**The task**
Nothing should appear in the answer except the lines from the one with "wedding_photos_tenuta_quadrifoglio_18.jpg" through the end of the listing below, transcribed exactly and without pictures.

**Source data**

- - - -

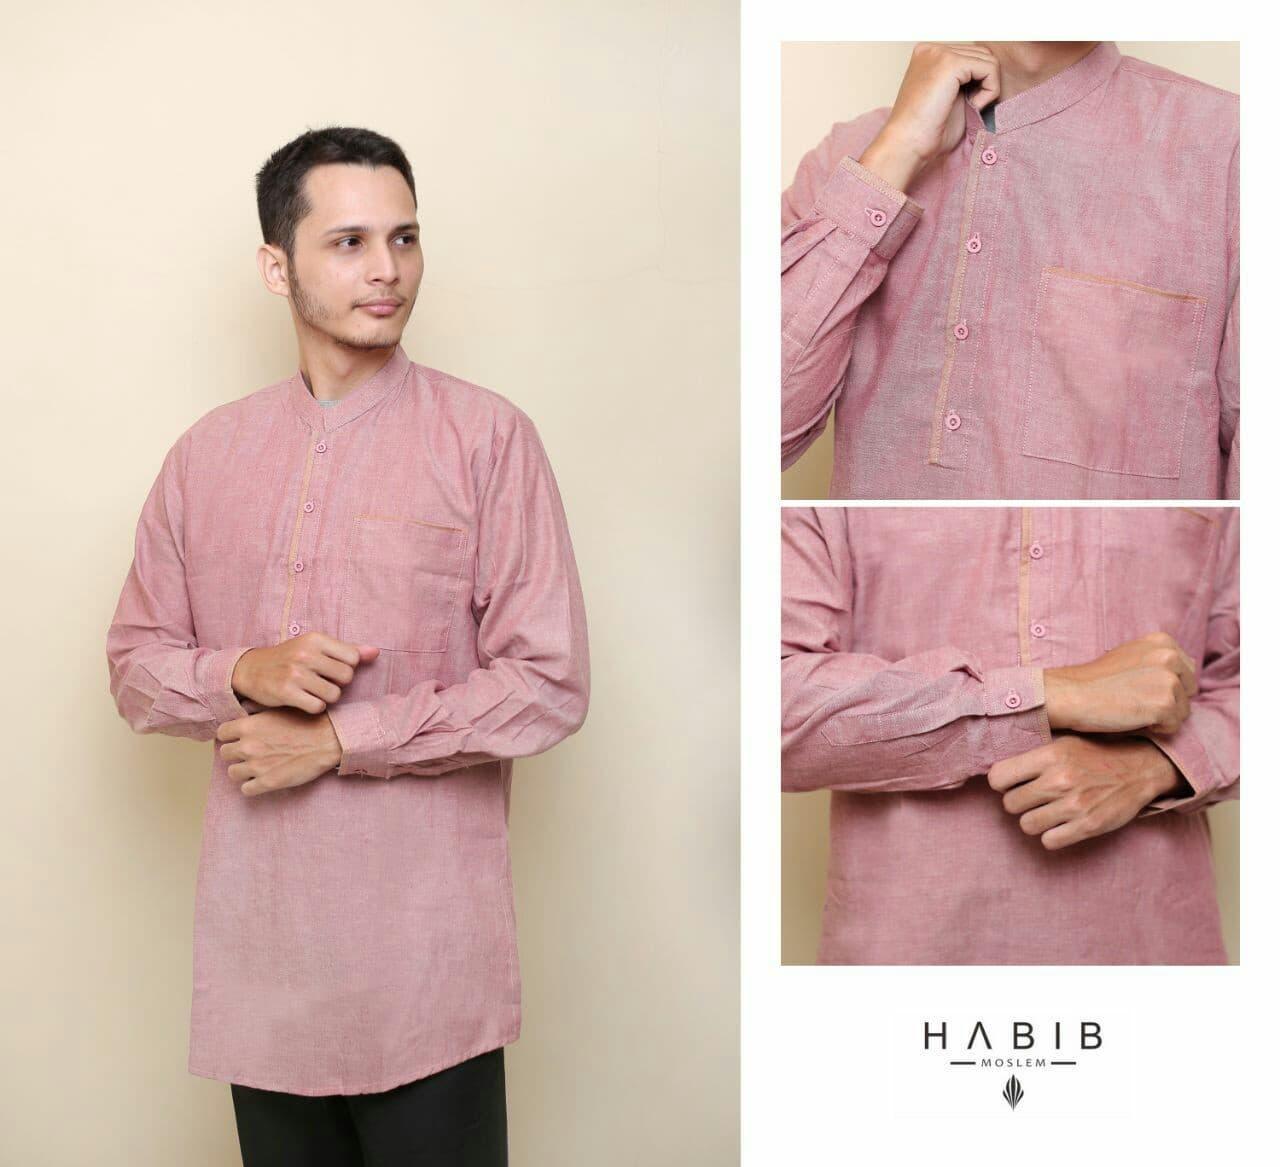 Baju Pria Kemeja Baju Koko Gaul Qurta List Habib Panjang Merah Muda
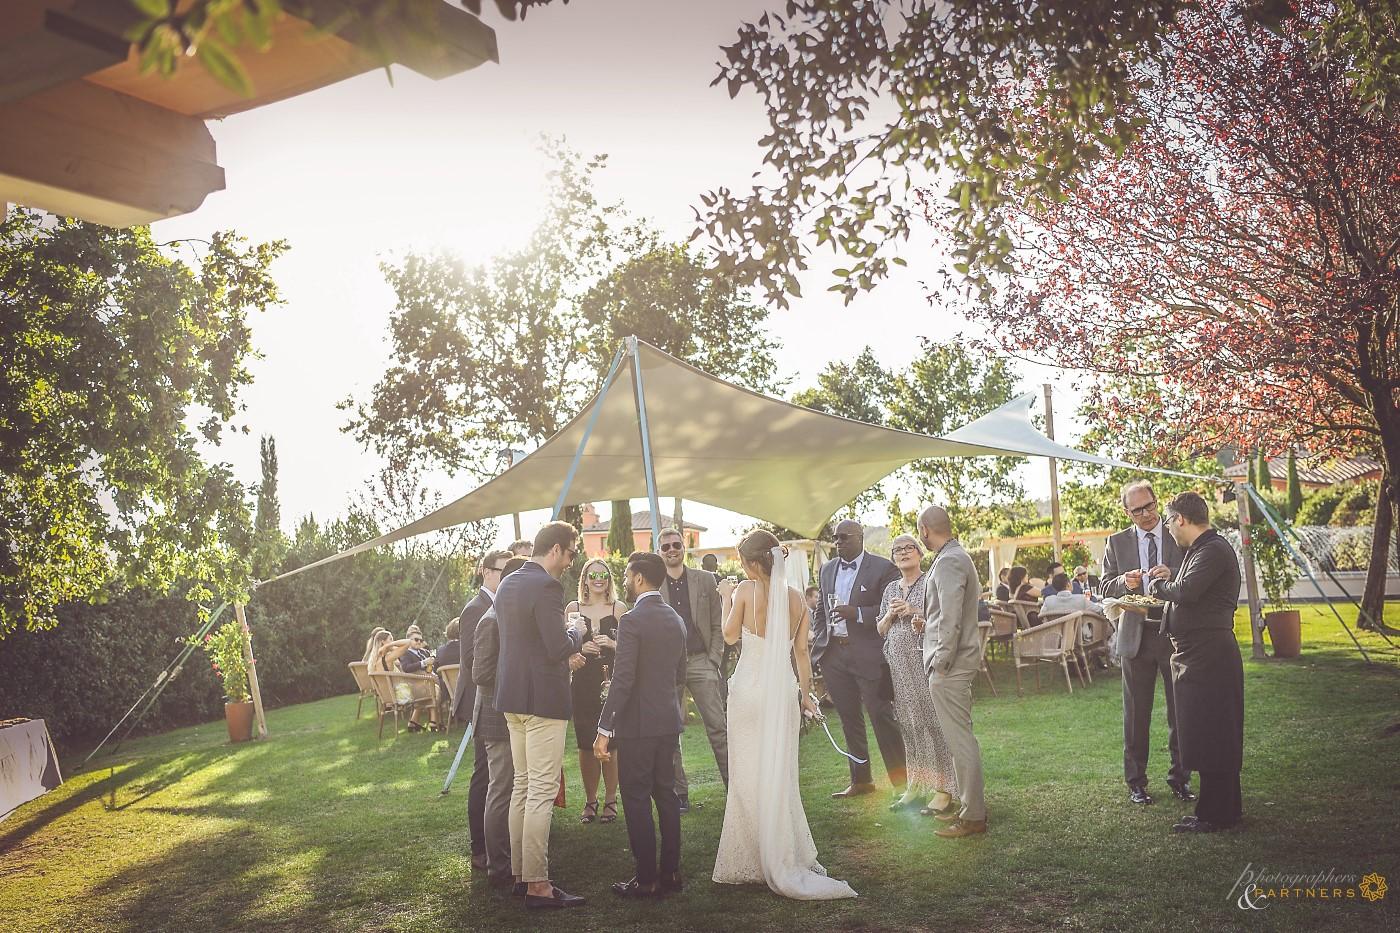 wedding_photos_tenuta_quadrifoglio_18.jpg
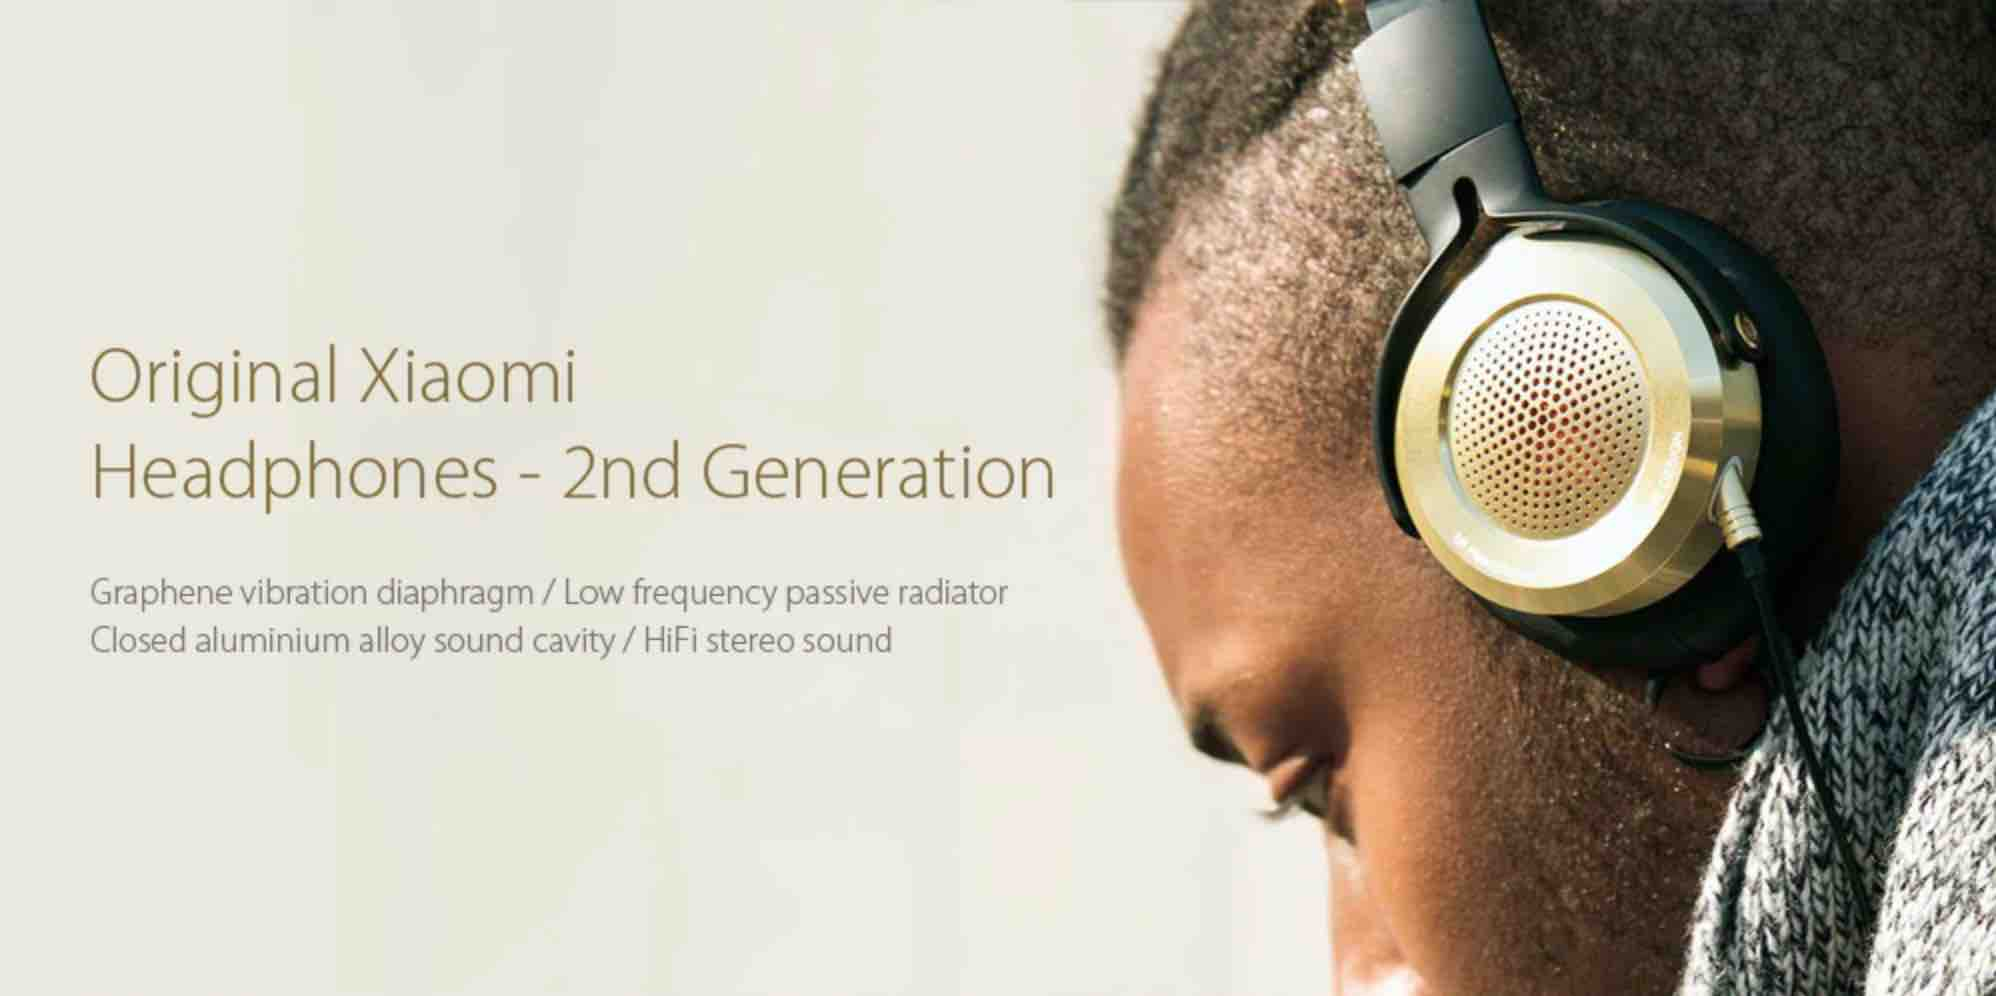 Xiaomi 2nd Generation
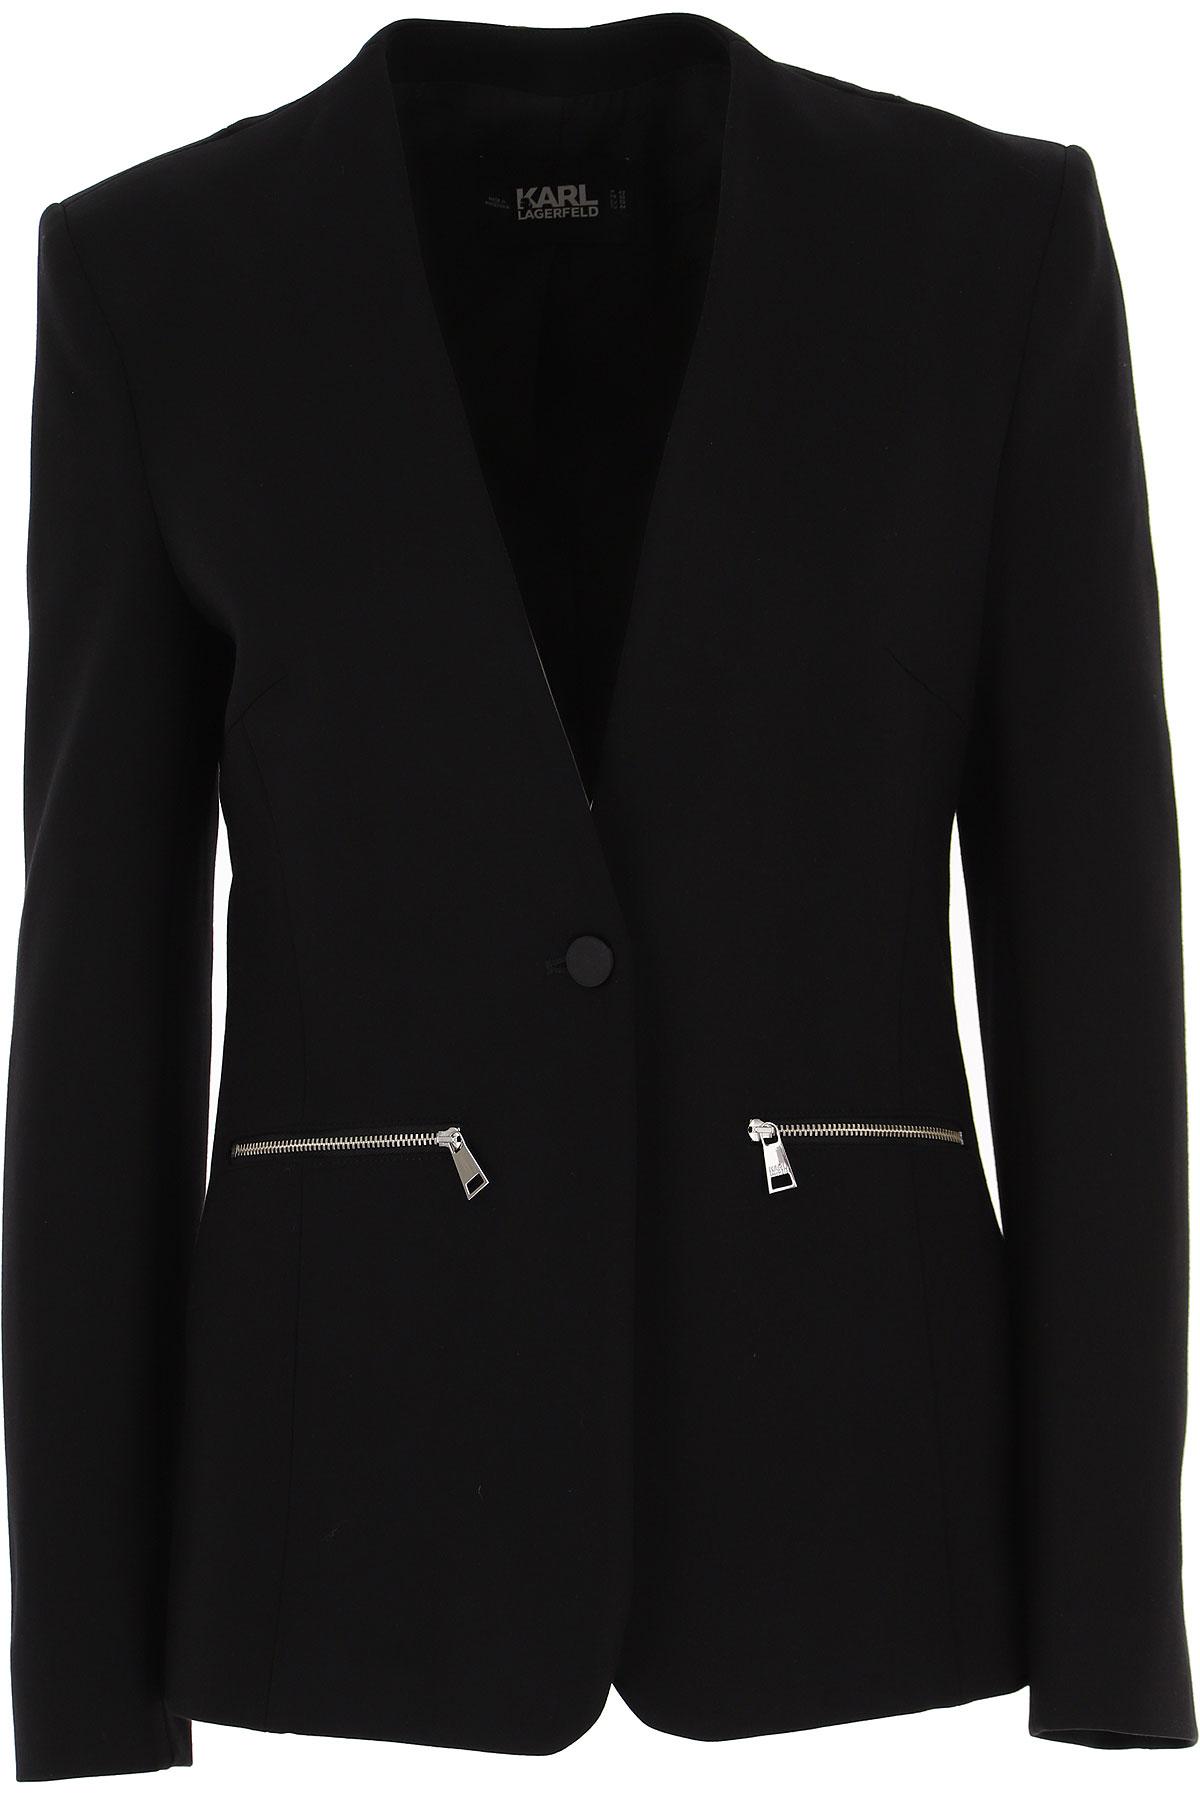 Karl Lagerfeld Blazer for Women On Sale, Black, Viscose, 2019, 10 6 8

- - - -

**Response area**
 wedding_photos_tenuta_quadrifoglio_18.jpg
 Xiaomi 2nd Generation
 Karl Lagerfeld Blazer for Women On Sale, Black, Viscose, 2019, 10 6 8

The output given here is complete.